I would write a custom check that meets your requirements–A High CPU alert triggers CRIT when >90% for 10 mins, WARN when between 80% and 90% for 10 mins and OK when <75 for 20 mins and fills previous–and writes those statuses to a new bucket (“my custom alerts”). Then you can create another custom task/alert to send notifications for the statuses you want. Similar to the first bullet you suggested.

Let me try to get someone from the Flux team to weigh in on this to make sure though. I feel your pain and I appreciate your patience.

@Anaisdg, @vvilaplana I have a potential solution (I qualify it with “potential” because I find the behavior of monitor.stateChanges() to be somewhat erratic).

This uses map() to manually assign a _level to each row based on then CPU usage (you have to have a _level column to use monitor.stateChanges). It then uses monitor.stateChanges() to (in theory) return only rows where the state change. It then uses the events.duration() function (awesome function contributed by a community member) to calculate the duration of each state. It then uses the value of the state duration and the _level to determine the alert level before writing it to the _monitoring bucket.
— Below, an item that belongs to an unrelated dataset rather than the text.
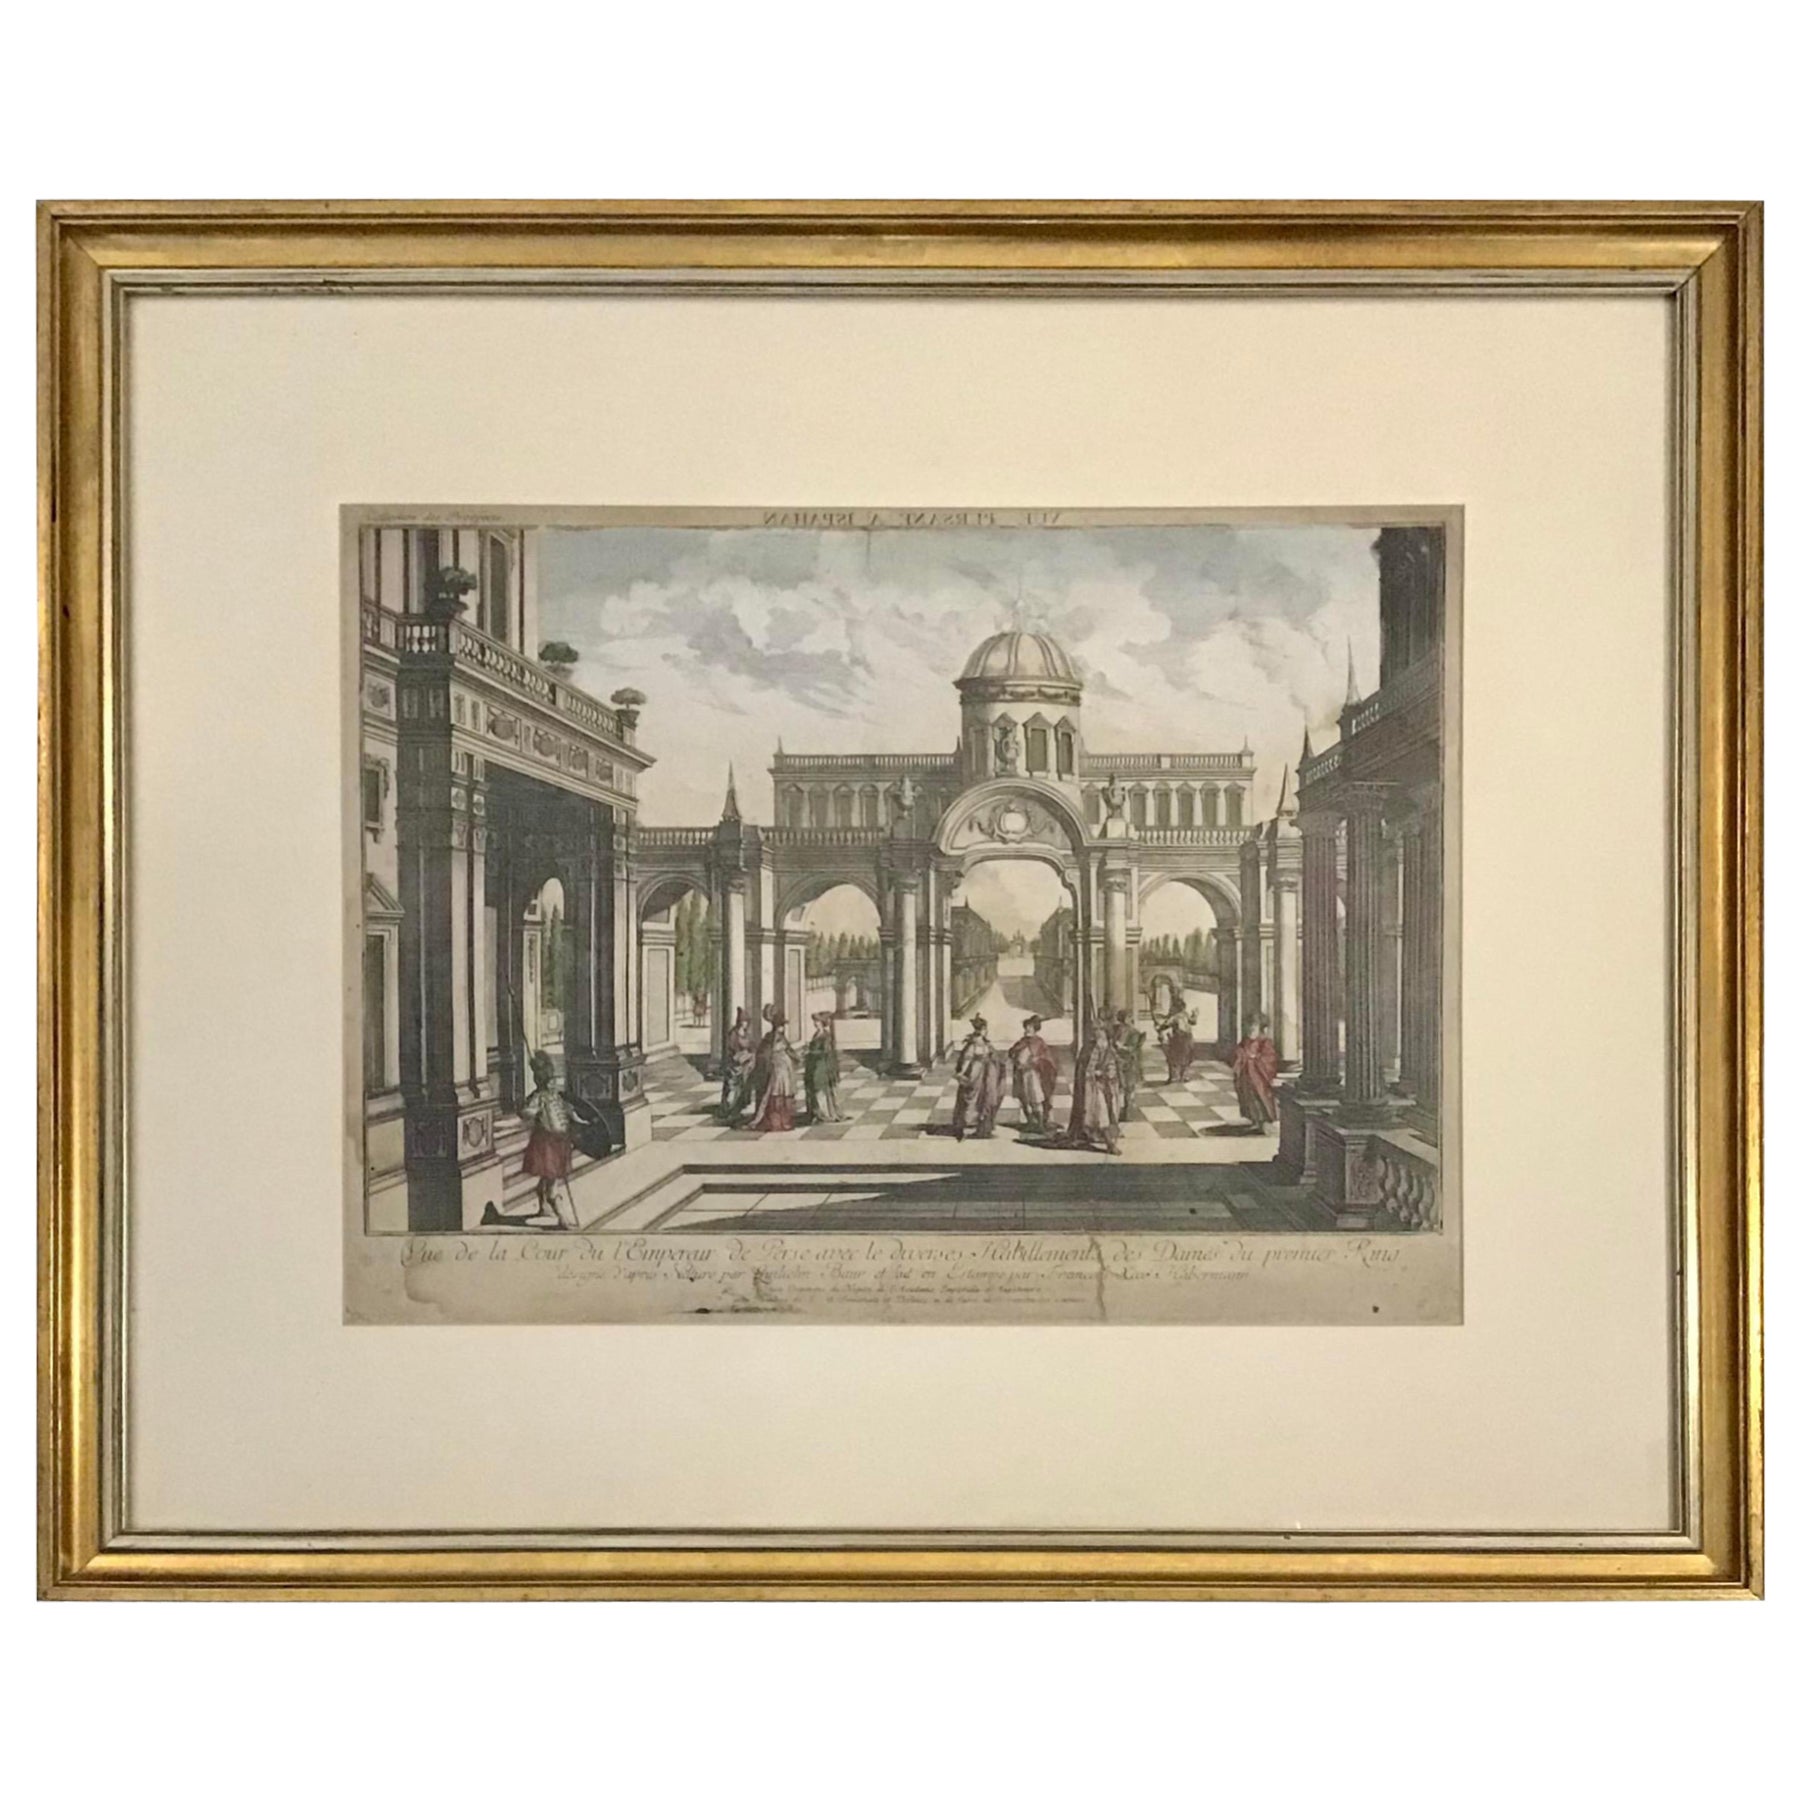 Gravure française du 18ème siècle représentant une scène architecturale avec des détails à l'aquarelle

import "influxdata/influxdb/monitor"
import "contrib/tomhollingworth/events"

option task = {name: "CPU usage", every: 15s}

check = {
_check_id: "cpu_usage_idle",
_check_name: "CPU Usage",
_type: "custom",
tags: {},
}

input = from(bucket: "default")
	|> range(start: -15m)
	|> filter(fn: (r) =>
		(r["_measurement"] == "cpu" and r["_field"] == "usage_idle"))
	|> group(columns: ["host", "_measurement"])
	|> aggregateWindow(every: 1m, fn: min, createEmpty: false)
	|> filter(fn: (r) => (exists r._value))
	|> map(fn: (r) => ({r with _value: 100.0 - r._value}))
  |> map(fn: (r) => ({ r with _level:
    if r._value >= 90 then "crit"
    else if r._value >= 80 then "warn"
    else "ok"
  }))
  |> monitor.stateChanges()
  |> events.duration(unit: 1m)

crit = (r) =>	(r._level == "crit" and r.duration > 10)
warn = (r) =>	(r._level == "warn" and r.duration > 10)
ok = (r) =>	(r._level == "ok" and r.duration > 30)
messageFn = (r) =>	(if r._level == "crit" or r._level == "warn" then "${r.host}: High CPU usage (${string(v: int(v: r._value))}%)" else "${r.host}: CPU usage back to normal (${string(v: int(v: r._value))}%)")

input
  |> monitor.check(
    crit: crit,
    warn: warn,
    ok: ok,
    messageFn: messageFn,
    data: check,
  )

Nah, it doesn’t work. I just tested it and it throws a lot of _level = UNKNOWN to _monitoring.statuses when none of the conditions is met (for examples, CPU values >90% and duration is still <10m). :frowning: Is there any way to keep the previous _level when no crit/warn/ok condition is met instead of populating it with “UNKNOWN”? Anyway, that “monitor.stateChanges()” is in the “data” bucket (it will only detect changes on last 15 mins), not the _monitoring bucket.

Hi ,
I am facing the same issue. We have set alerts to be triggered for low disk usage , but we are getting multiple when there is low disc space. Have you been able to figure it out? Please assist me.